Отель «Калифорния», увековеченный Eagles, находится рядом с городком Тодос Сантос в Мексике, а не в США
В то последнее лето моего детства изнуряющая жара стояла уже с середины мая. Это сейчас в Техасе для меня летом + 40 — так, ерунда. А для маленького военного городка на севере Украины, тогда такая жара была целым событием, которое вспоминается, наверное, местными жителями (если они там еще остались) до сих пор.
Я хорошо запомнил это лето, потому что тем летом для многих из моих ровесников, живших в том городке, детство закончилось навсегда. После нового года, который мы с нетерпением ждали из-за Олимпиады в Москве, то у одного, то у другого из наших друзей стали уезжать их отцы-военные. Как тогда говорили — «в командировку». И уже к следующему лету некоторые из них возвращались из этих командировок в цинковых гробах, которые велено было не открывать. Да и невозможно их было открыть — они были запаяны. Но тогда, тем жарким летом, мы ничего не знали о будущей афганской войне и о том, что и сами в ней успеем еще поучаствовать.
В то последнее лето моего детства, я маялся бездельем и целые дни проводил дома, читая книги и слушая «чистые» магнитофонные записи. Тогда-то и пришло решение, что пора наконец-то разобраться в словах любимых песен.
Уровень «Good bye, my love, good bye» Демиса Руссоса я уже прошел, и настал черед сложных вещей. Тем летом и до наших окраин дошли нормальные записи группы Eagles с их знаменитым хитом на несколько десятилетий вперед — Hotel California.

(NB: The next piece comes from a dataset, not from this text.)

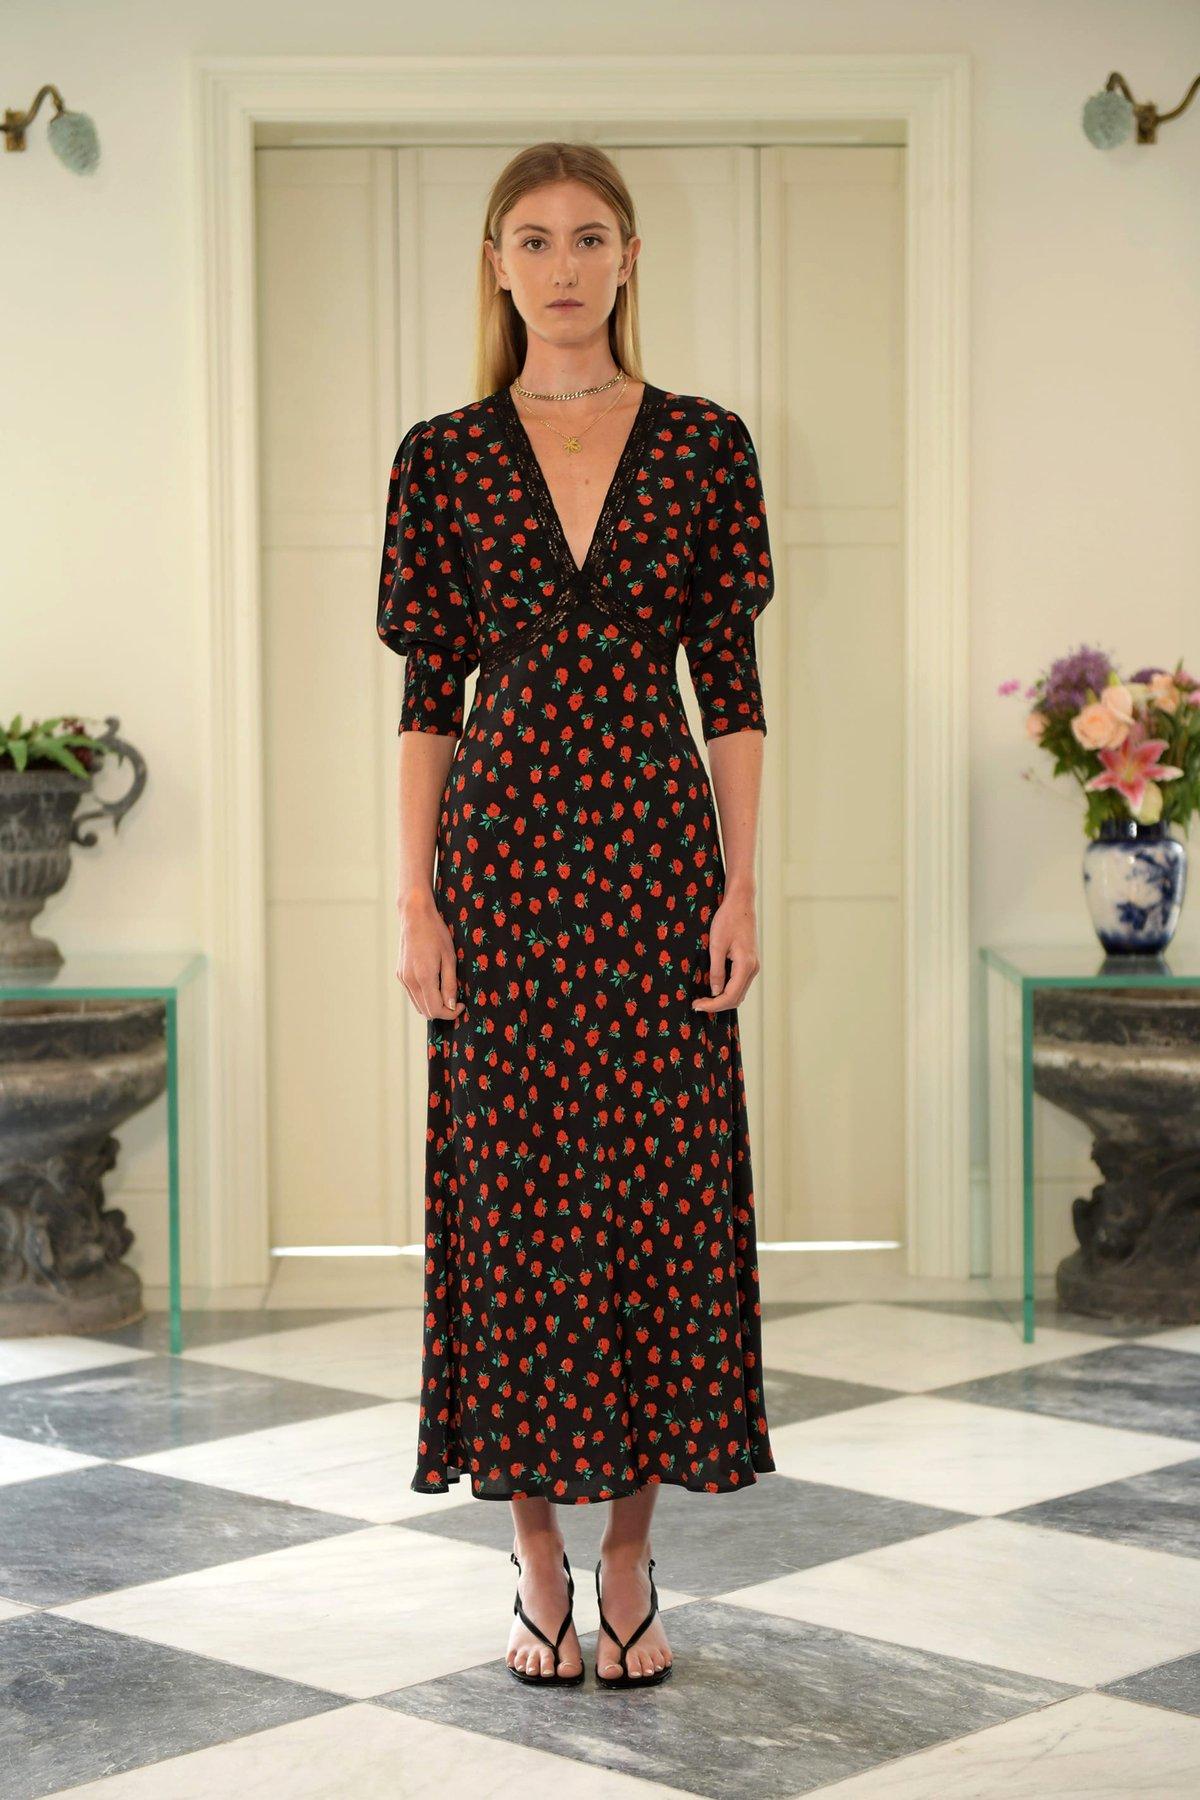 GEMMA VINTAGE ROSE - BLACK by Rixo, available on rixo.co.uk for EUR265 Hailey Baldwin Dress Exact Product

Вот эту вершину я и решил покорить при помощи хорошего слуха, катушечного магнитофона «Маяк», и словаря под редакцией товарища Мюллера.
On a dark desert highway,
Cool wind in my hair,
Warm smell of “colitas”
Rising up through the air…
Я понимал, что герой песни чувствует легкий запах чего-то, но вот чего именно? Словарь Мюллера не давал никакого толкования слова «colitas» по причине отсутствия последнего вообще в этом словаре. Случайно встреченная мною в парке учительница английского языка, неуверенно предположила, что это какие-то мексиканские блинчики, и, как ни странно, оказалась наиболее близка к истине, нежели те, кто предполагал, что это одеколон, испанское название тумана, или калифорнийское вино. Правда же открылась мне двадцать лет спустя, в Калифорнии, где ребята сразу же и рассказали, что colitas — это легкий наркотик местного производства.
Welcome to the Hotel California,
Such a lovely place, Such a lovely place,
Such a lovely face,
Plenty of room at the Hotel California,
Any time of year, Any time of year, You can find it here…
В один из дней, когда я бился над очередной фразой из этой песни, подвалил ко мне дружок мой Серега.
— Есть планы на вечер? — спросил он с порога, — или будешь опять дурным голосом завывать про Калифорнию?
— Буду завывать, — не совсем дружелюбно откликнулся я, понимая уже, что эта песня, наверное, мне все равно не по зубам.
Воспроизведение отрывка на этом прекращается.